### [Assignment]
Pictures stay out. Everything else in the listing below gets written out exactly.

### [Source data]
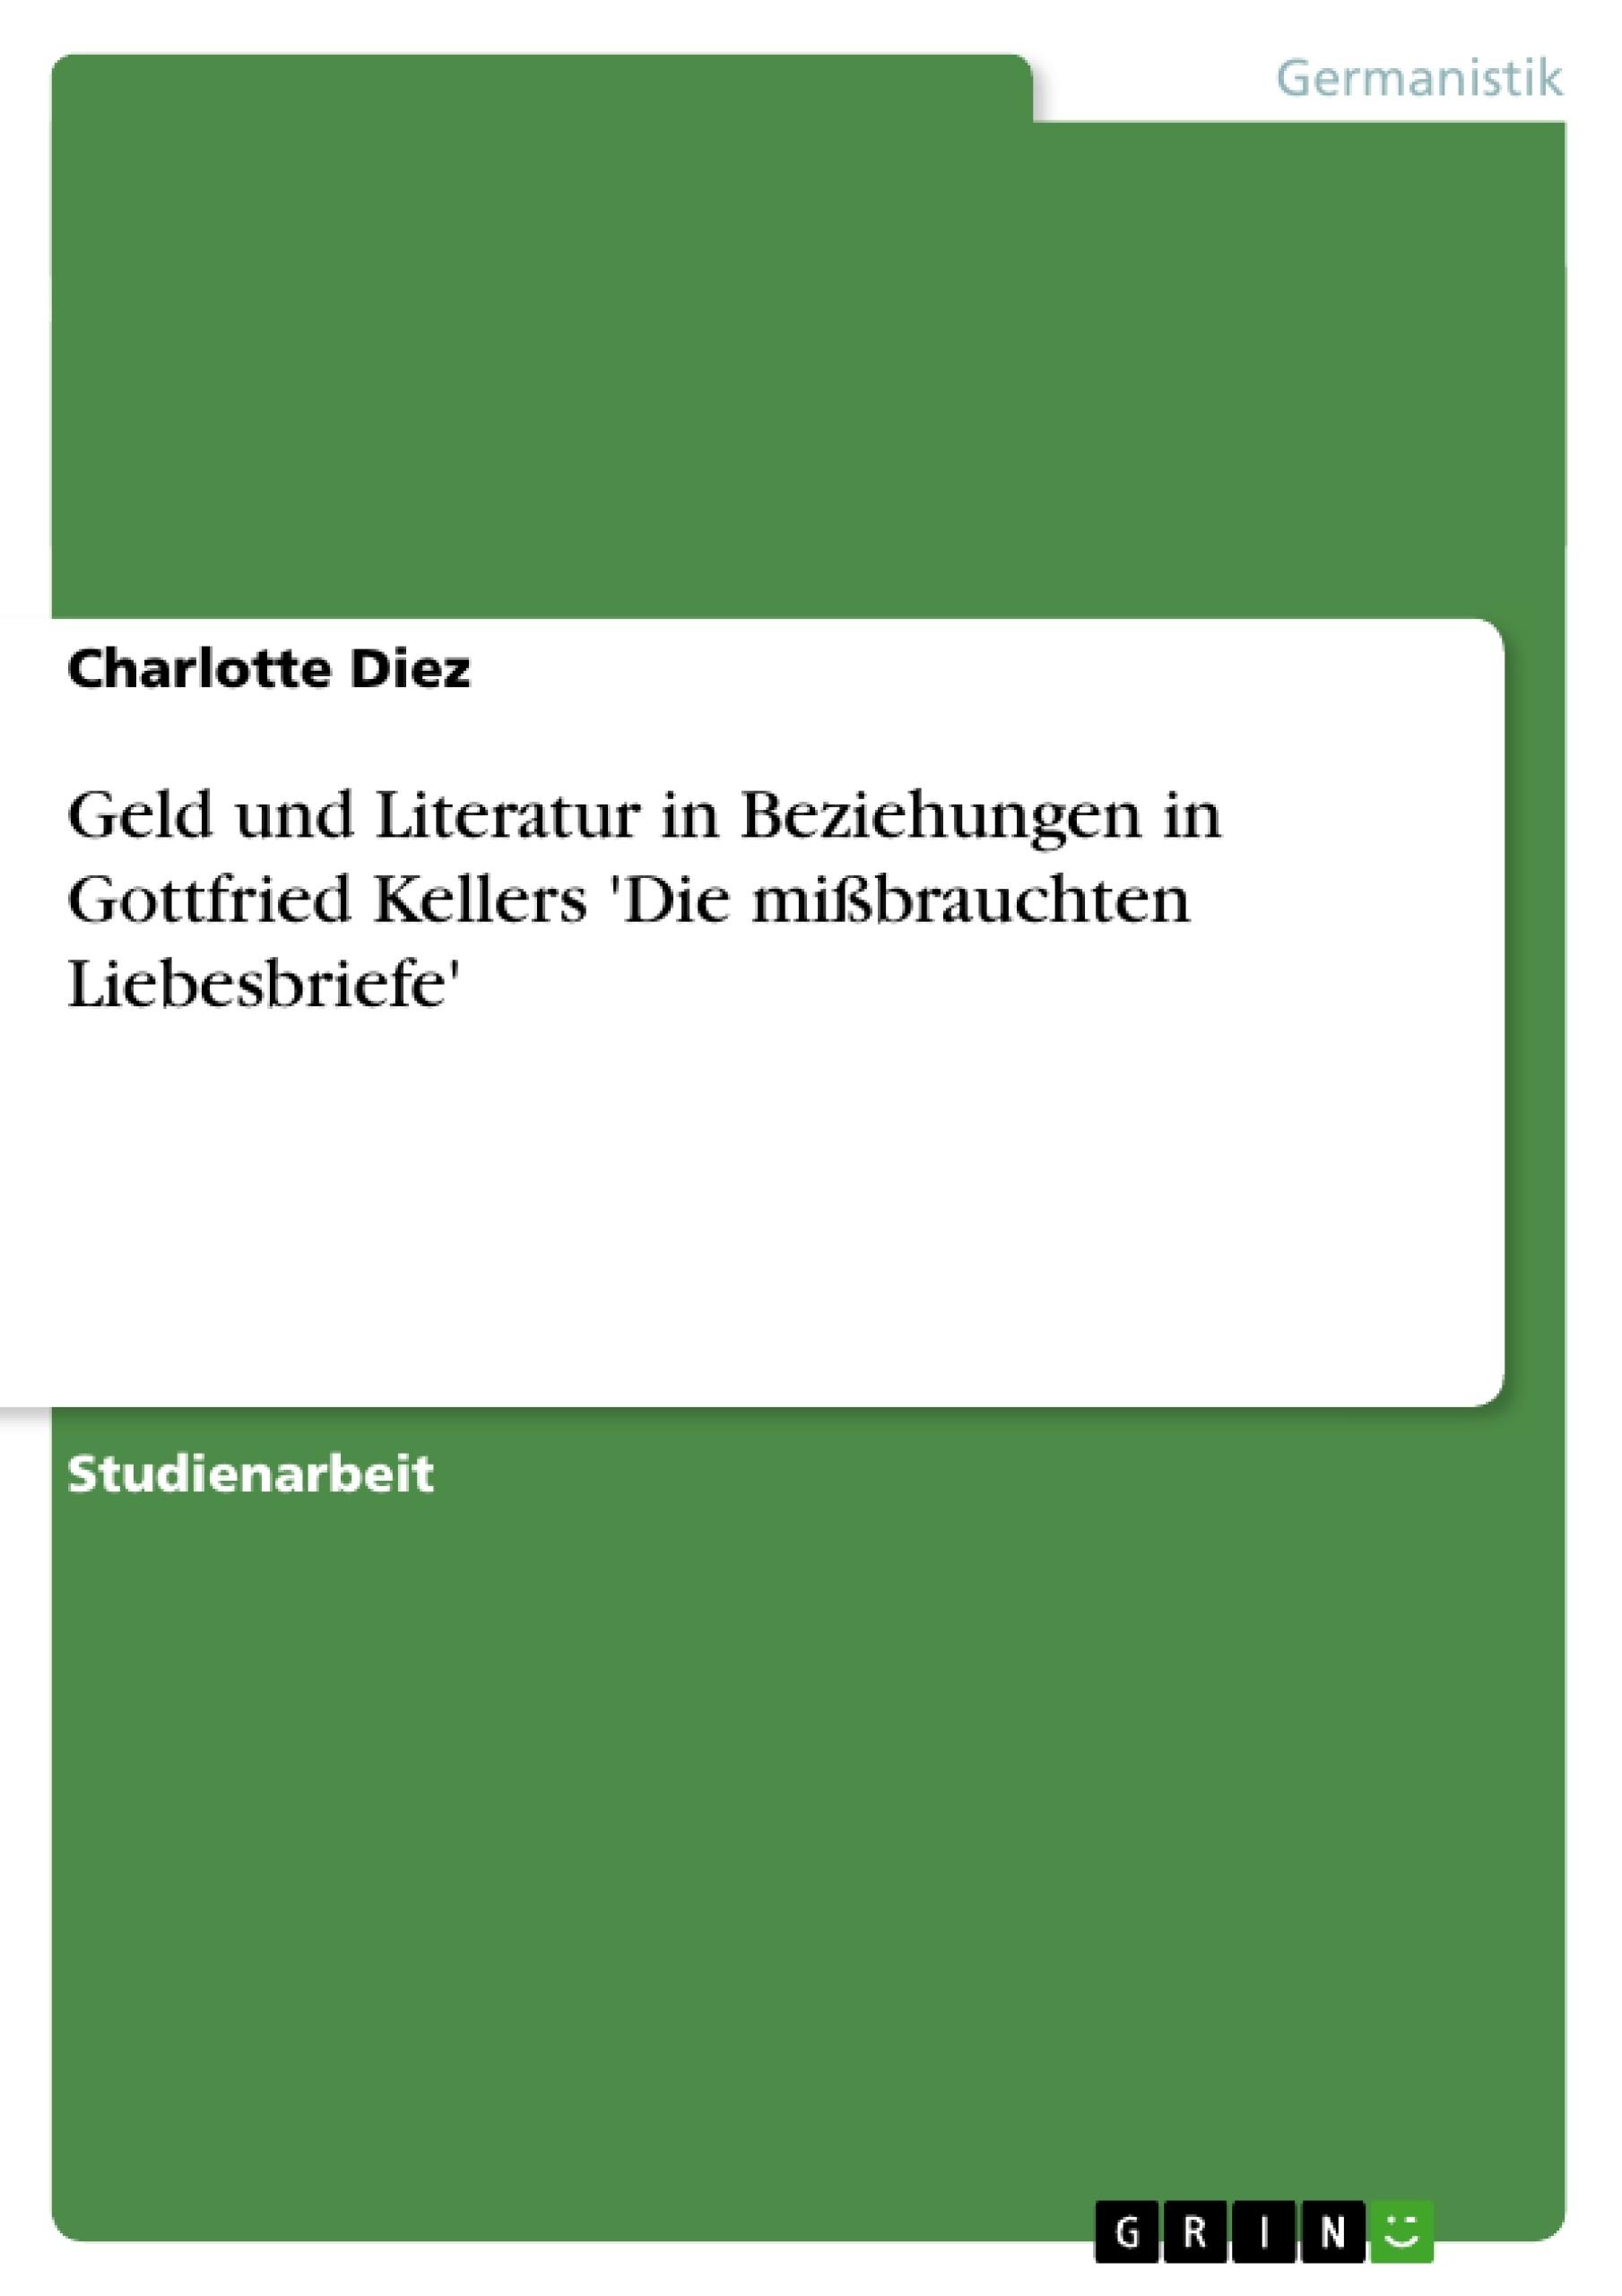 Titel: Geld und Literatur in Beziehungen in Gottfried Kellers 'Die mißbrauchten Liebesbriefe'
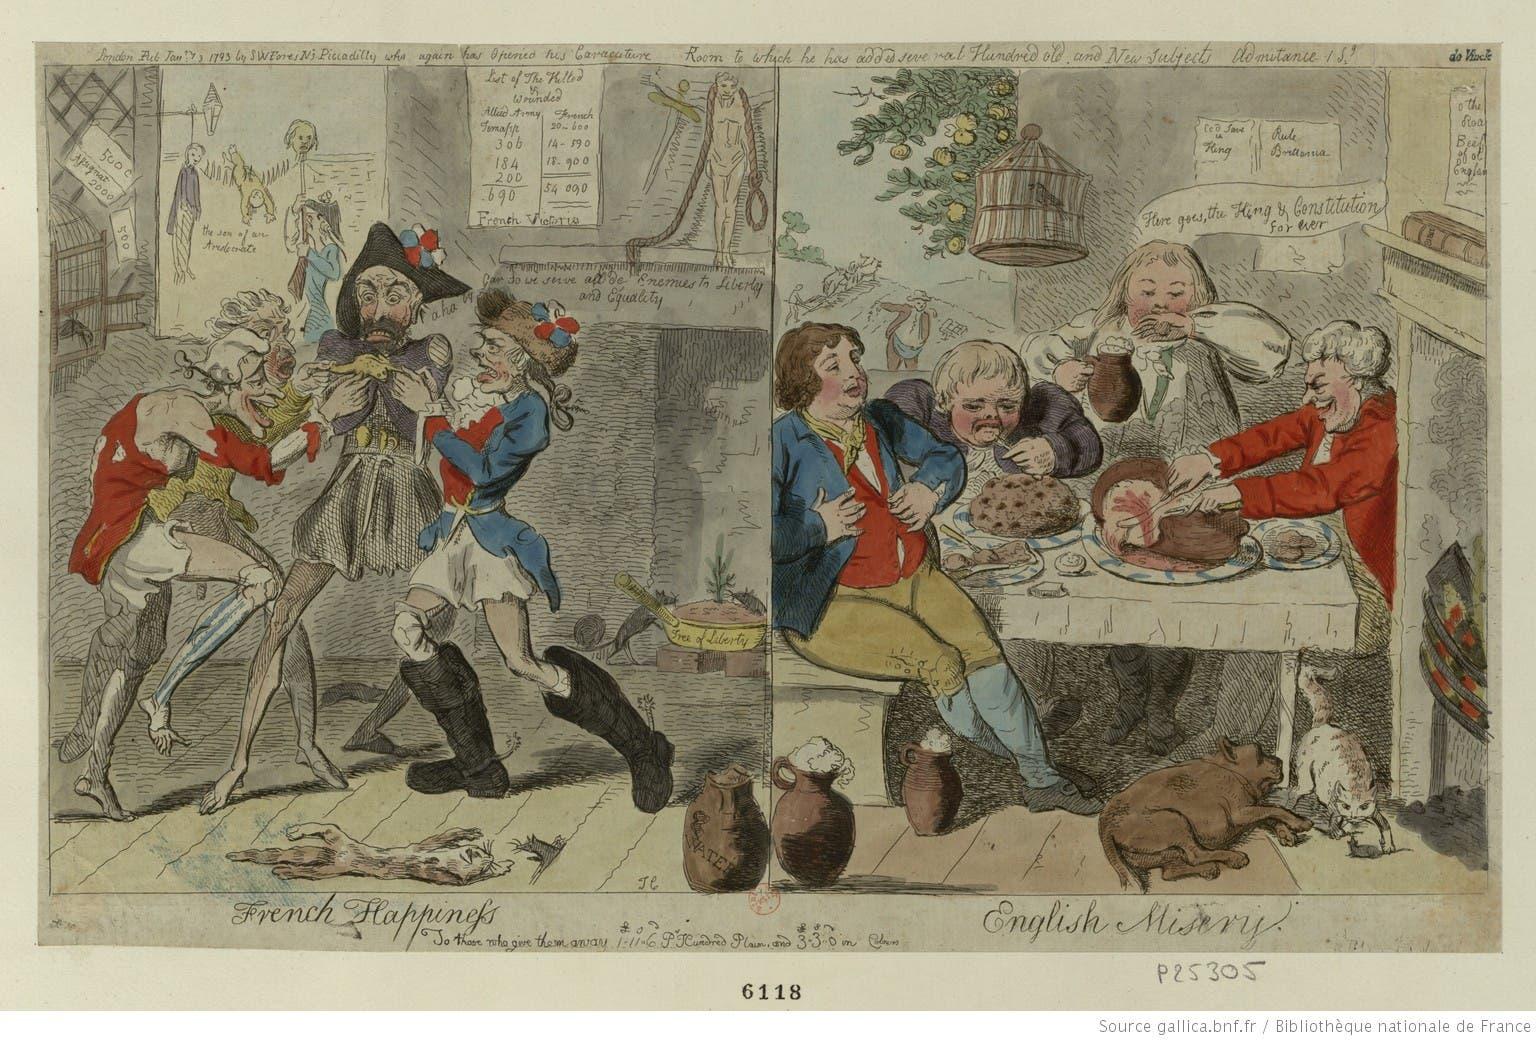 رسم كاريكاتيري ساخر حول معاناة الفرنسيين من المجاعة قبل الثورة
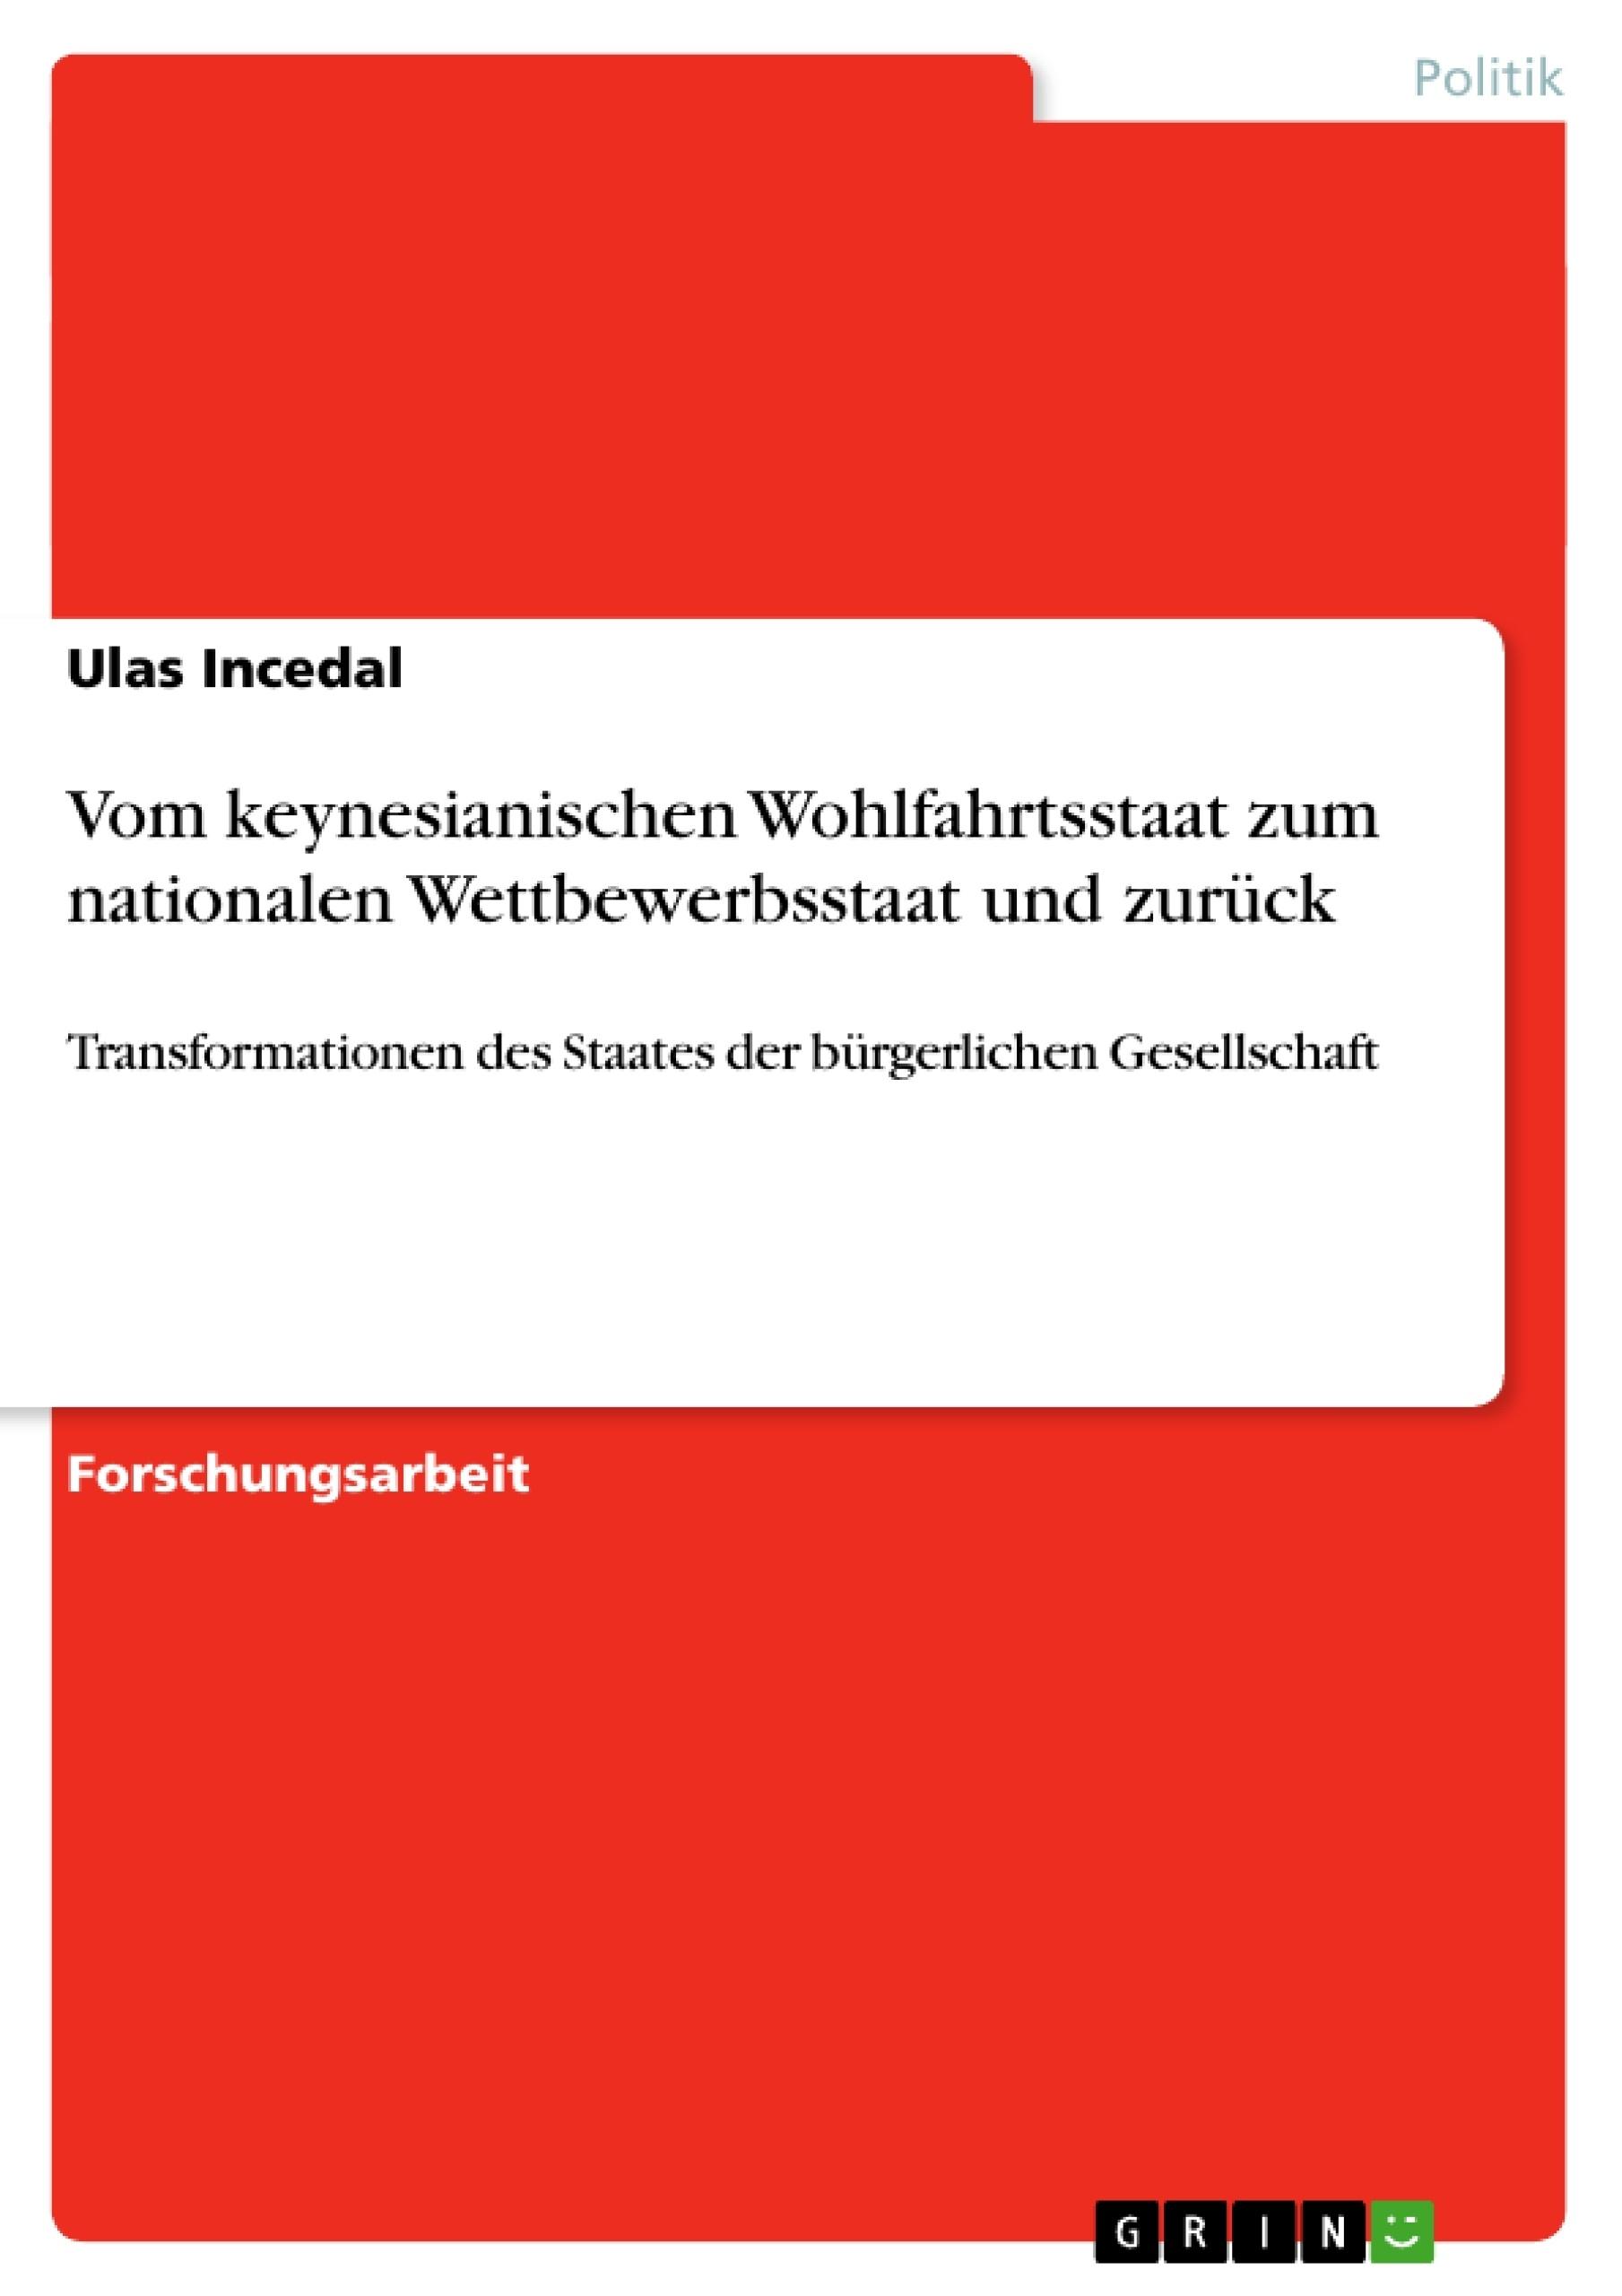 Titel: Vom keynesianischen Wohlfahrtsstaat zum nationalen Wettbewerbsstaat und zurück

### [Reply]
 Titel: Geld und Literatur in Beziehungen in Gottfried Kellers 'Die mißbrauchten Liebesbriefe'
 رسم كاريكاتيري ساخر حول معاناة الفرنسيين من المجاعة قبل الثورة
 Titel: Vom keynesianischen Wohlfahrtsstaat zum nationalen Wettbewerbsstaat und zurück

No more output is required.